Norwegian science writer

Geir Bjørklund (born 20 April 1969 in Mo i Rana, Norway) is a researcher, health science writer, and scientific advisor. He has contributed to studying interactions of nutritional and environmental factors in human physiology, biochemistry, toxicology, neurobiology, and pathology, as well as their implications for health and disease.

==Research and publishing==
Geir Bjørklund was among the first researchers in Norway who evaluated the risk of occupational disease in dentistry due to mercury exposure. In the late 1990s, he had consulting assignments for the Norwegian Board of Health (Statens helsetilsyn). He was co-author of two of their reports on the use of dental filling materials.

One of Bjørklund's primary research interests is autism spectrum disorder (ASD). His work explores the potential role of metal(loid)s such as mercury, along with other environmental toxins, in the development of ASD. Current evidence suggests that ASD arises from complex interactions between genetic susceptibility and environmental factors.

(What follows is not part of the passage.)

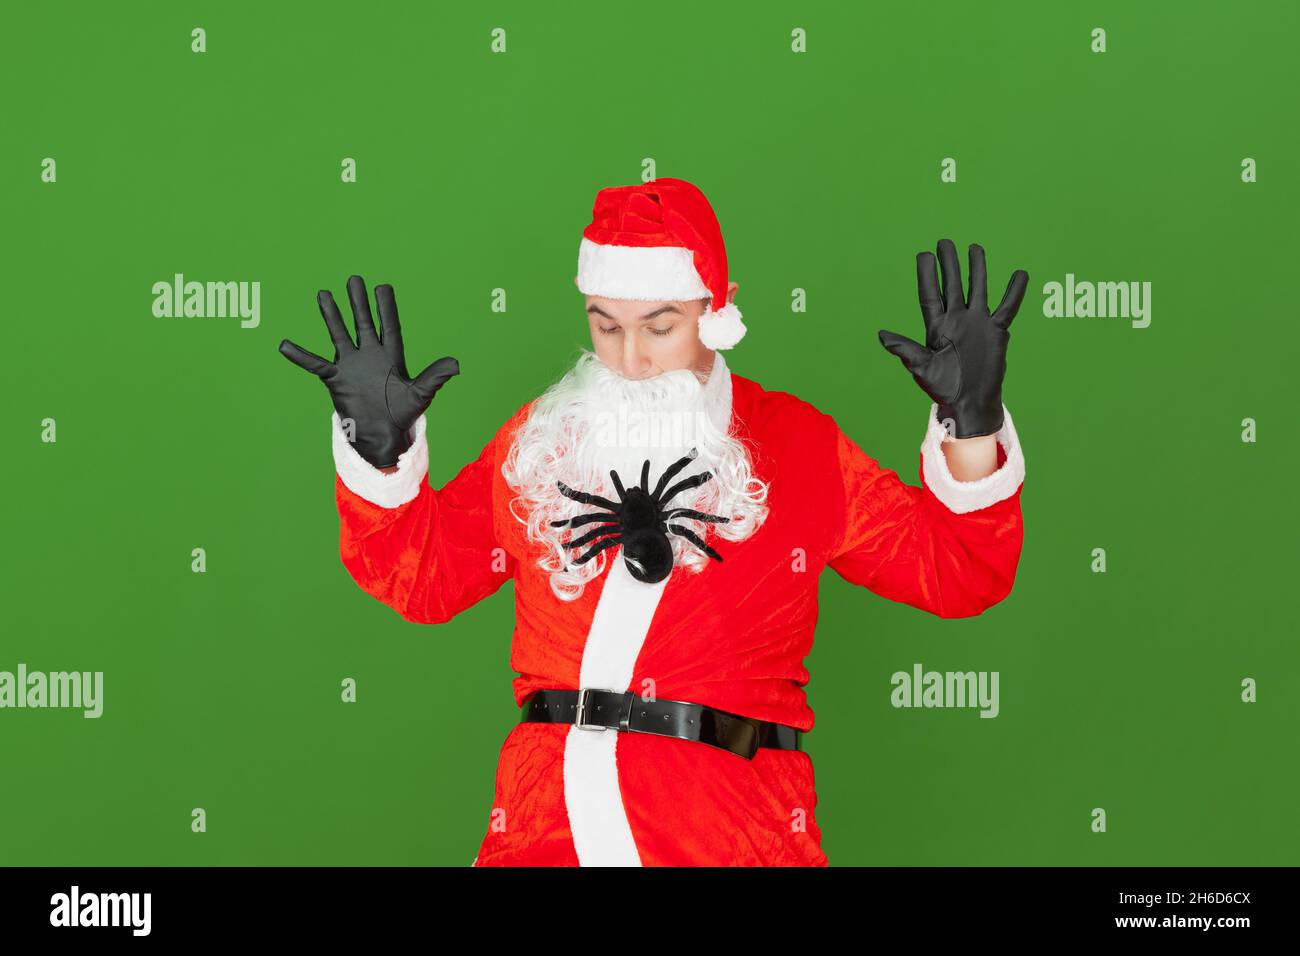 A toy spider is climbing through the beard of an adult Caucasian man dressed as Santa Claus, as he looks on in fright. The background is green. Stock Photo

In 1995, Bjørklund founded Tenner & Helse, the membership magazine of Forbundet Tenner og Helse (Norwegian Dental Patient Association), and was its editor until the summer of 1999. In the 1990s, he was also a freelance journalist for Sunnhetsbladet, a Norwegian health magazine. In 2001, Bjørklund founded the Nordic Journal of Biological Medicine, which was published until 2003.

In 2013, he founded and became president of the Council for Nutritional and Environmental Medicine (CONEM), an international non-profit association based in Norway.

In 2023, Bjørklund was appointed an honorary professor at Samarkand State Medical University.

==Academic journals==
Bjørklund is аn associated editor of Metabolic Brain Disease, an advisory editor of the Archives of Toxicology, and a section editor of the journal Current Medicinal Chemistry. Also, he is an editorial board member of Cellular and Molecular Life Sciences. Bjørklund is a member of the World Association of Medical Editors.